6. For the Appellant Ms Poynor said that the Judge had applied the correct test. The issue of ties and their nature was very clearly in the Judge's mind. He found the Appellant's evidence credible and he found that she had no ties to Jamaica. The authority put forward in the grounds of appeal, Balogun v UK 60286/09 [2012] ECHR was a deportation case concerning a person who had spent just 4 years in the United Kingdom and involved very different circumstances to those pertaining here. In Balogun the Court had not found the Appellant to be credible. Dealing with section 117B any error of law was not material.
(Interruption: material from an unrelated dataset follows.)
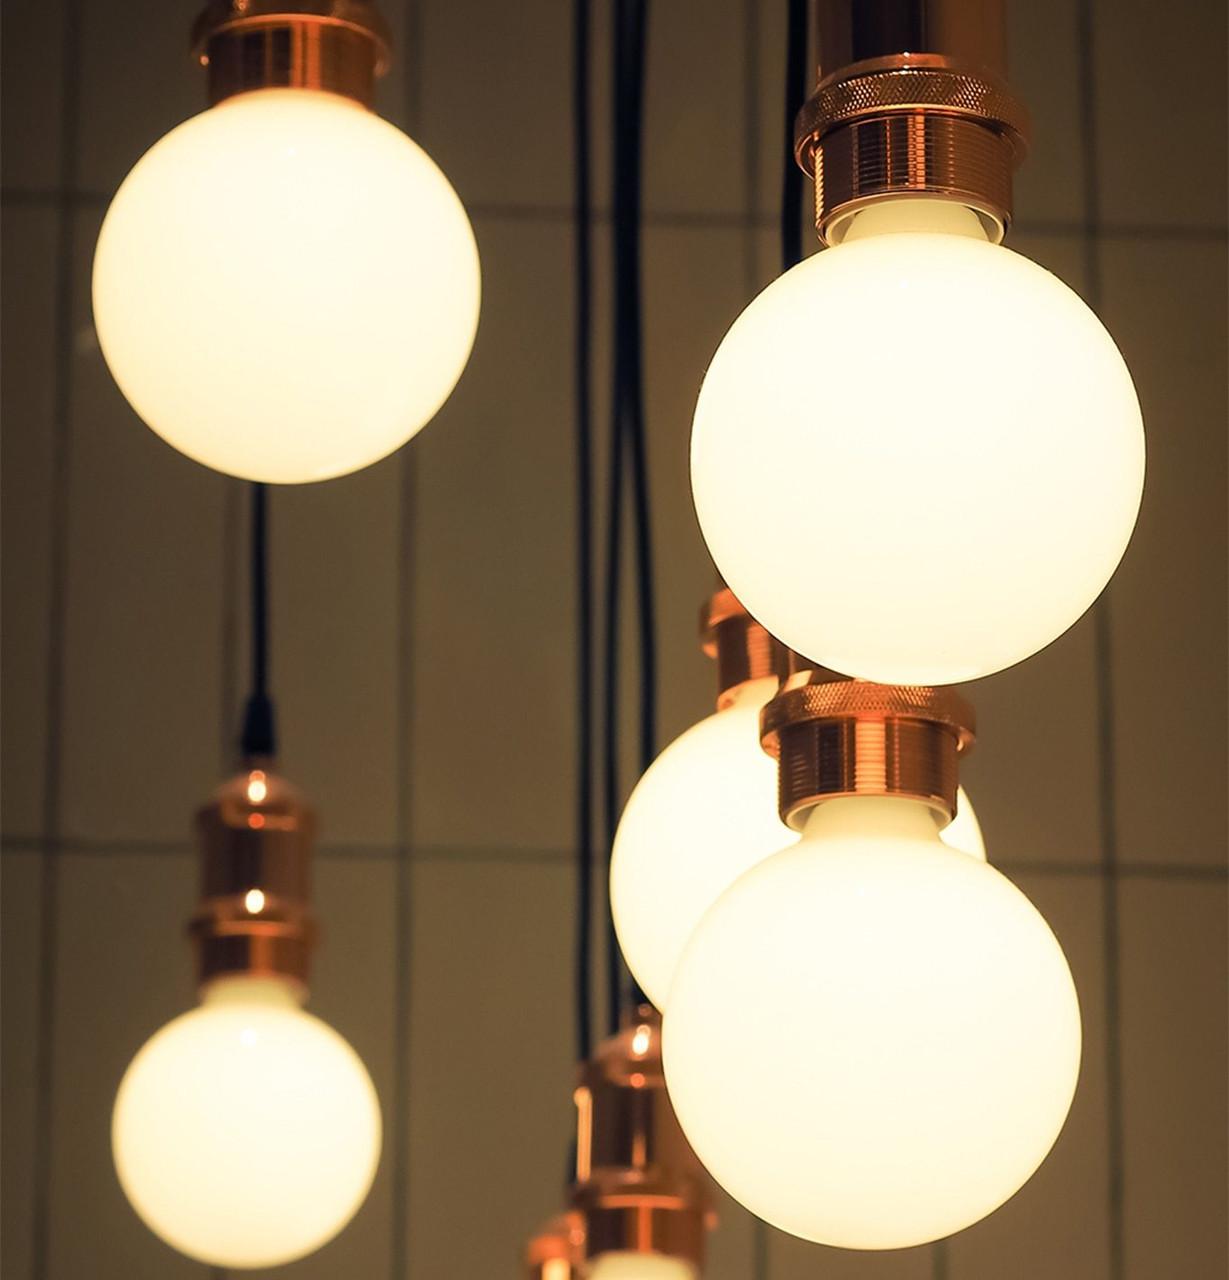 LED Dimmable G80 ES Light Bulbs

If the Judge had considered section 117B it would have made no difference to the decision. The Appellant speaks English, she is financially independent, her relationship with her partner was established when she was lawfully present in the United Kingdom and her immigration status was not precarious when her private life was established.
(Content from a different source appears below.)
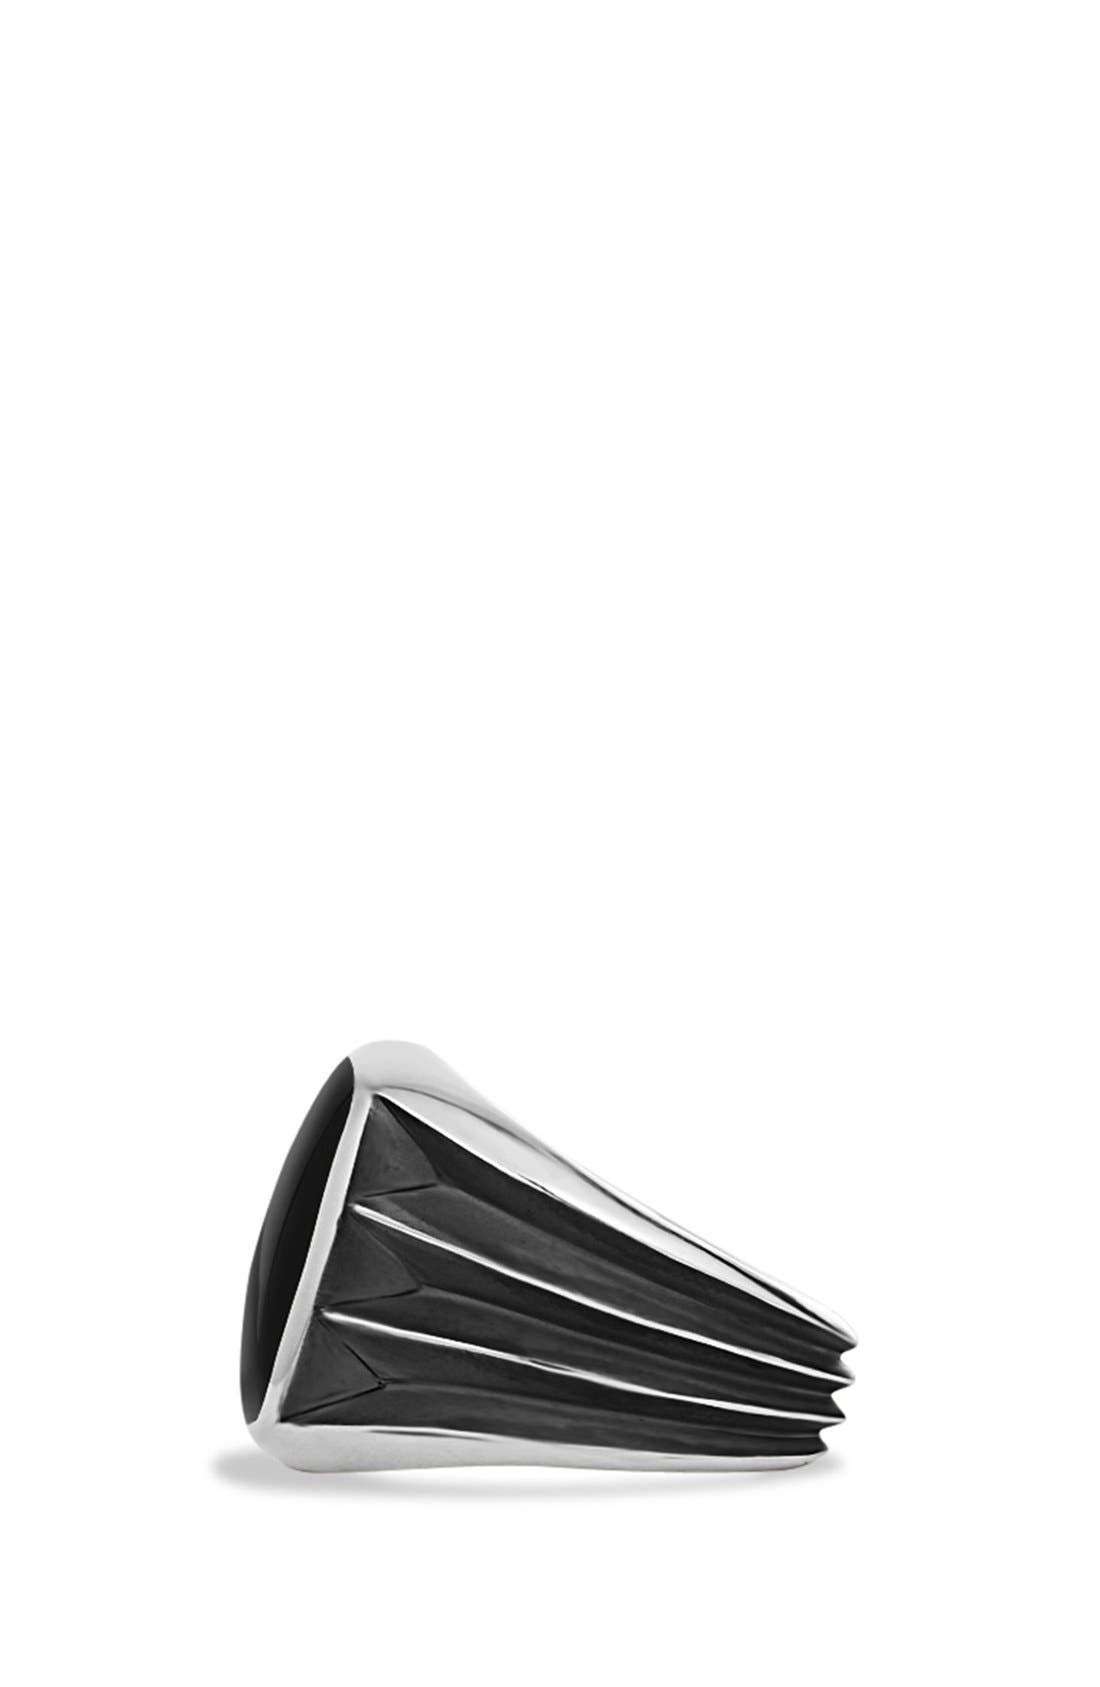 'Royal Cord' Knife Edge Signet Ring with Black Onyx,                             Alternate thumbnail 4, color,                             Black Onyx

7. I reserved my decision but indicated that I did not require Ms Poynor to address me on remaking the decision were I to find an error of law.


Error of law

8. In my judgement the First-tier Tribunal made no material error of law. The primary issue before the First-tier Tribunal was whether the Appellant had ties to Jamaica within the meaning of paragraph 276ADE. This is clear from the decision of Upper Tribunal Judge King remitting the matter back for hearing to the First-tier Tribunal (paragraphs 21 and 22). First-tier Tribunal Judge Traynor notes this at paragraph 7 of his determination.

9. The First-tier Tribunal determination shows that Judge Traynor very carefully heard evidence directed to the issue of ties (paragraphs 19-40). In making his findings Judge Traynor very clearly had the issue of ties in mind and in this respect refers to Ogundimu no less than four times. The findings cover paragraphs 41 to 53 and it is abundantly clear from reading these paragraphs that the Judge went to great lengths to consider the Appellant's evidence and circumstances against the Ogundimu criteria. The authority put forward by Mr Tufan simply repeats these criteria. The Judge makes clear and reasoned findings. He finds the Appellant's evidence to be credible. He finds significantly that "there is no likelihood of the Appellant's mother welcoming her back".

10. There is nothing irrational in these findings. The substance of the Respondent's grounds of appeal to the Upper Tribunal is no more than a disagreement with these finding. In my judgment these are finding of fact that were properly open to the Judge and which are based on clear and detailed reasoning. There is no error of law.


11. Turning to section 117B there is no doubt that the Judge, hearing the case on 31 July 2014, should have taken this into account if he was considering whether the Respondent's decision made under the Immigration Acts breached the Appellant's right to respect for private and family life under Article 8 ECHR (section 117A(1)). In the first place having allowed the appeal under the terms of the Immigration Rules the Judge did not go on to consider Article 8 separately (see paragraph 54). Further and in any event, and as correctly submitted by Ms Poynor, all public interest questions specified in section 117B would have worked in the Appellant's favour so even if section 117B had been considered it could not have made a material difference to the Judge's decision.

12. There is no error of law material to the decision to allow the appeal and the Respondent's appeal is therefore dismissed.


Summary

13. The decision of the First-tier Tribunal did not involve the making of a material error of law.